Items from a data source
··········

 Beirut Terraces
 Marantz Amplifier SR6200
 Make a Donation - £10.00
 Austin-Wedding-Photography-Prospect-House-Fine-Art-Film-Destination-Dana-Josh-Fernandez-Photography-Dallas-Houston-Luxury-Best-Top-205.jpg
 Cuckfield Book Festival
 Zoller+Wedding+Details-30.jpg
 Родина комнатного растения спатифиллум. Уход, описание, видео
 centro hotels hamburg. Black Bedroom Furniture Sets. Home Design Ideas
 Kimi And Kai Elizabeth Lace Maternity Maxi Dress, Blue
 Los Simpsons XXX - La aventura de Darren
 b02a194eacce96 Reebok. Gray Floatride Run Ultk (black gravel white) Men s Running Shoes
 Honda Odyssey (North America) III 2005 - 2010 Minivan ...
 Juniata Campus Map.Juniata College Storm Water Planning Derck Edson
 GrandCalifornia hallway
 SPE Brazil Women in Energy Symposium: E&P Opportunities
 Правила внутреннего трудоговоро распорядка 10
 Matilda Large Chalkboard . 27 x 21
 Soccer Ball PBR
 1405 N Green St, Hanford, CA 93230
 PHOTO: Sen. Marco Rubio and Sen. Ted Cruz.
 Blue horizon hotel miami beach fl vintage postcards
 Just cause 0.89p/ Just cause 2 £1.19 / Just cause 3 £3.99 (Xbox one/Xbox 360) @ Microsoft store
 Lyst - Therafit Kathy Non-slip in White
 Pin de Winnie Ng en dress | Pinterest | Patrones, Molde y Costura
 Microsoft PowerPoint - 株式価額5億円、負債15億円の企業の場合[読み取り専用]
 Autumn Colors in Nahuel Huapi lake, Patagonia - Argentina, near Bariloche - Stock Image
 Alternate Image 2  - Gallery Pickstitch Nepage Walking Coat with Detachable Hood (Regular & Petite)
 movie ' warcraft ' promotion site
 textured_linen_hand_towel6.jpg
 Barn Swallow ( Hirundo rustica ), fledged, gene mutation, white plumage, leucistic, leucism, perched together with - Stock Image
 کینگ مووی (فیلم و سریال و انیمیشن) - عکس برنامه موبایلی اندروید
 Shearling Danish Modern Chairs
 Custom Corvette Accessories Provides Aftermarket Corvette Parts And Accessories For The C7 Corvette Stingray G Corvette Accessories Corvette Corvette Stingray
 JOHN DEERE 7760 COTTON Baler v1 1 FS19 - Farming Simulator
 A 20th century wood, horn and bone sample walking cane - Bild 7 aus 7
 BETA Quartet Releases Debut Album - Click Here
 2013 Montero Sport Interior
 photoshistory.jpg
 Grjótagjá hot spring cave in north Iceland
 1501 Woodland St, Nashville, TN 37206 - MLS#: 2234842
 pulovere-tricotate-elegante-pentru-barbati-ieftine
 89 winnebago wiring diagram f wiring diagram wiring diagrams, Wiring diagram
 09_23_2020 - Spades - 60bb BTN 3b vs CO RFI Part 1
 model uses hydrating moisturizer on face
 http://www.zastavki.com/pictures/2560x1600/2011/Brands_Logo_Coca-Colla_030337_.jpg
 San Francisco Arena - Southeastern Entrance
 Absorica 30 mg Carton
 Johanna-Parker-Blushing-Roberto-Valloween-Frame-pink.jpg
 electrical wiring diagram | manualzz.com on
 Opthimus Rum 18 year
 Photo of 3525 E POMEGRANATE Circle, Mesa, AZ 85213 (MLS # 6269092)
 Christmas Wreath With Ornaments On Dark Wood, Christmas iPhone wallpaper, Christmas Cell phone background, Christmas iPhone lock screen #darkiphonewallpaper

··········

Action item »
Give again, word for word, every line from the one holding "Opthimus Rum 18 year" to the end of the data.

Solution to this task »
 Opthimus Rum 18 year
 Photo of 3525 E POMEGRANATE Circle, Mesa, AZ 85213 (MLS # 6269092)
 Christmas Wreath With Ornaments On Dark Wood, Christmas iPhone wallpaper, Christmas Cell phone background, Christmas iPhone lock screen #darkiphonewallpaper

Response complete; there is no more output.